This Amendment No. 19 (the “Amendment”) amends the Schedule 13D originally filed with the Securities and Exchange Commission on November 22, 2013, as previously amended by Amendment No. 1, filed on December 20, 2013, Amendment No. 2, filed on February 13, 2014, Amendment No. 3, filed on March 11, 2014, Amendment No. 4, filed on March 12, 2014, Amendment No. 5, filed on May 15, 2014, Amendment No. 6, filed on June 2, 2014, Amendment No. 7 filed on July 9, 2014, Amendment No. 8, filed on July 9, 2014, Amendment No. 9, filed on November 7, 2014, Amendment No. 10, filed on March 9, 2015, Amendment No. 11, filed on November 12, 2015, Amendment No. 12, filed on August 3, 2016, Amendment No. 13, filed on October 6, 2016, Amendment No. 14, filed on April 21, 2017, Amendment No. 15, filed on July 5, 2017, Amendment No. 16, filed on August 22, 2017, Amendment No. 17, filed on November 9, 2017 and Amendment No. 18, filed on December 6, 2017 (the “Original Schedule 13D,” and collectively with the Amendments, the “Statement”) with respect to the shares of common stock par value $0.001 per share (“Shares”) of Biolase, Inc. (the “Issuer”), whose principal executive offices are located at 4 Cromwell, Irvine, CA 92618.

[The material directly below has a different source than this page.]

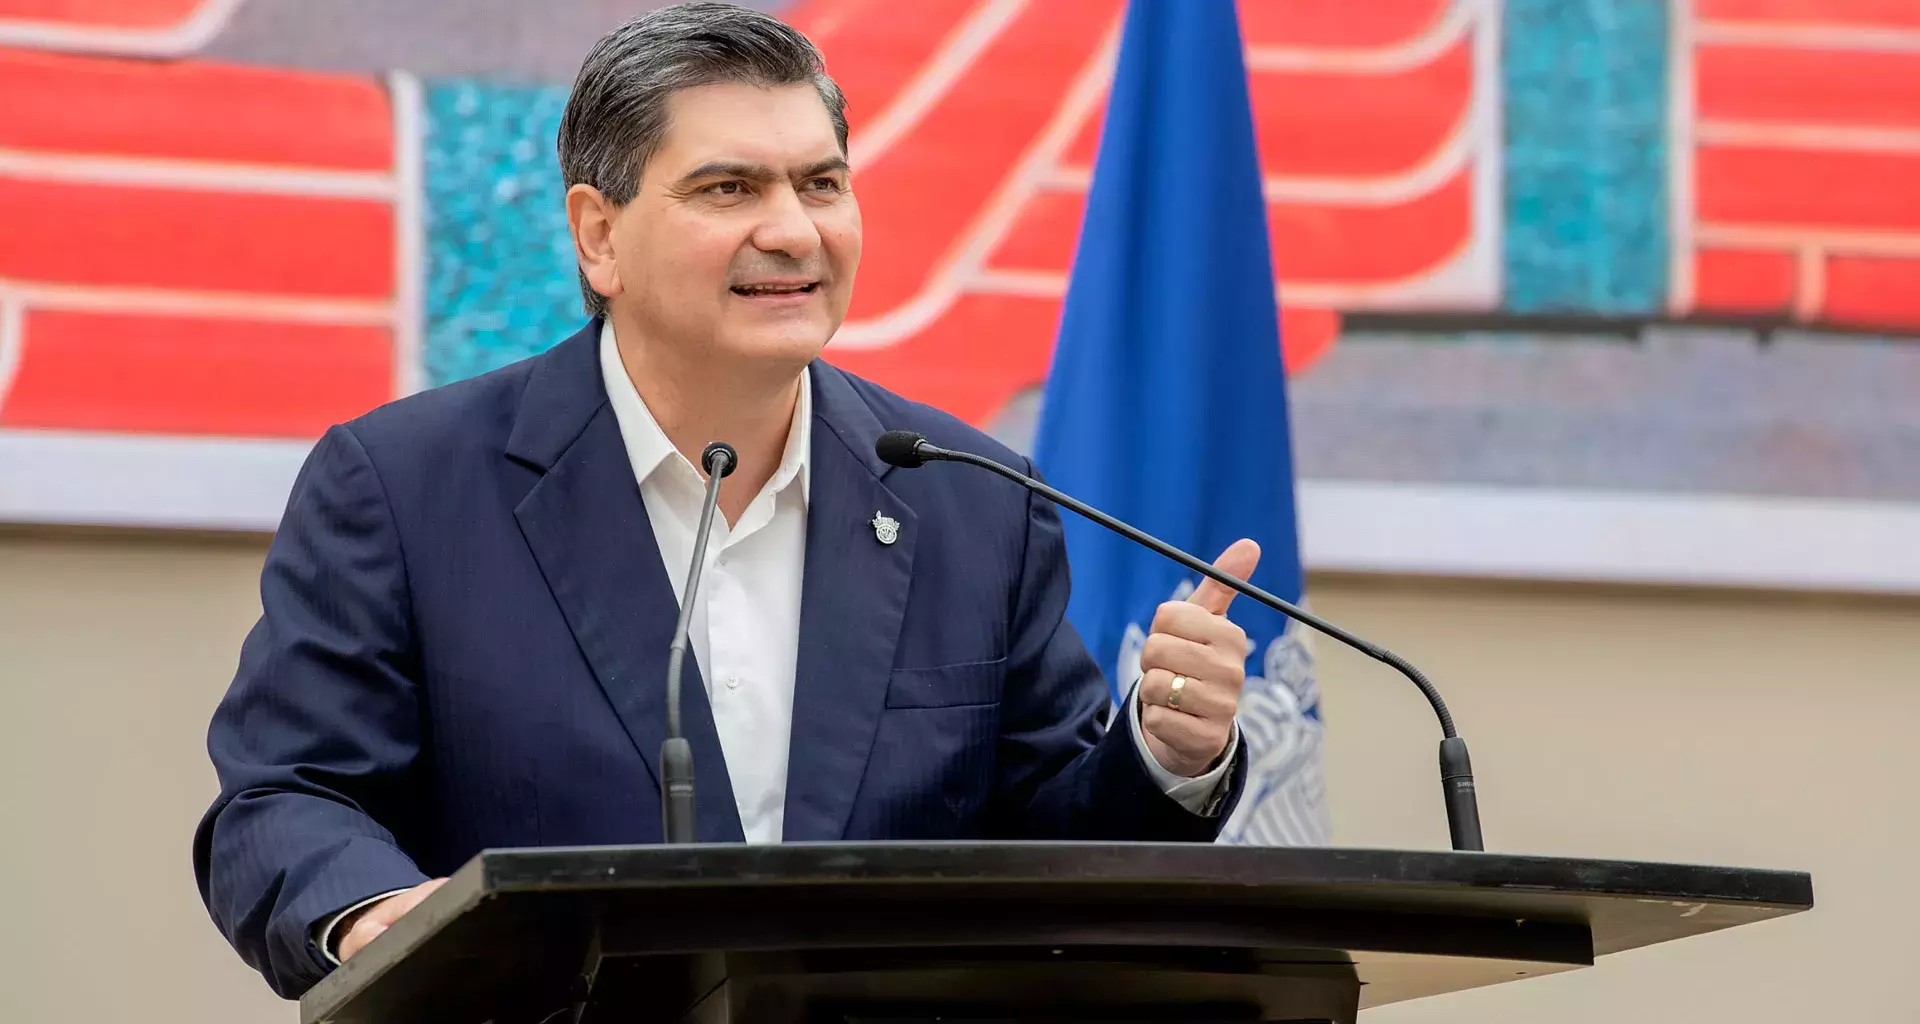 David Garza’s tenure as Tec de Monterrey president begins

Item 4. Purpose of Transaction.
Item 4 of the Statement is hereby supplemented as follows:
The transactions giving rise to the filing of this Amendment were the sales of Shares of the Issuer by the Reporting Persons in open market transactions and at prevailing market prices. The response set forth in Item 5(c) of this Amendment is incorporated herein by reference. As a result of said transactions, each of the Reporting Persons’ beneficial ownership of Issuer Shares decreased as set forth in more detail in Item 5 of this Amendment.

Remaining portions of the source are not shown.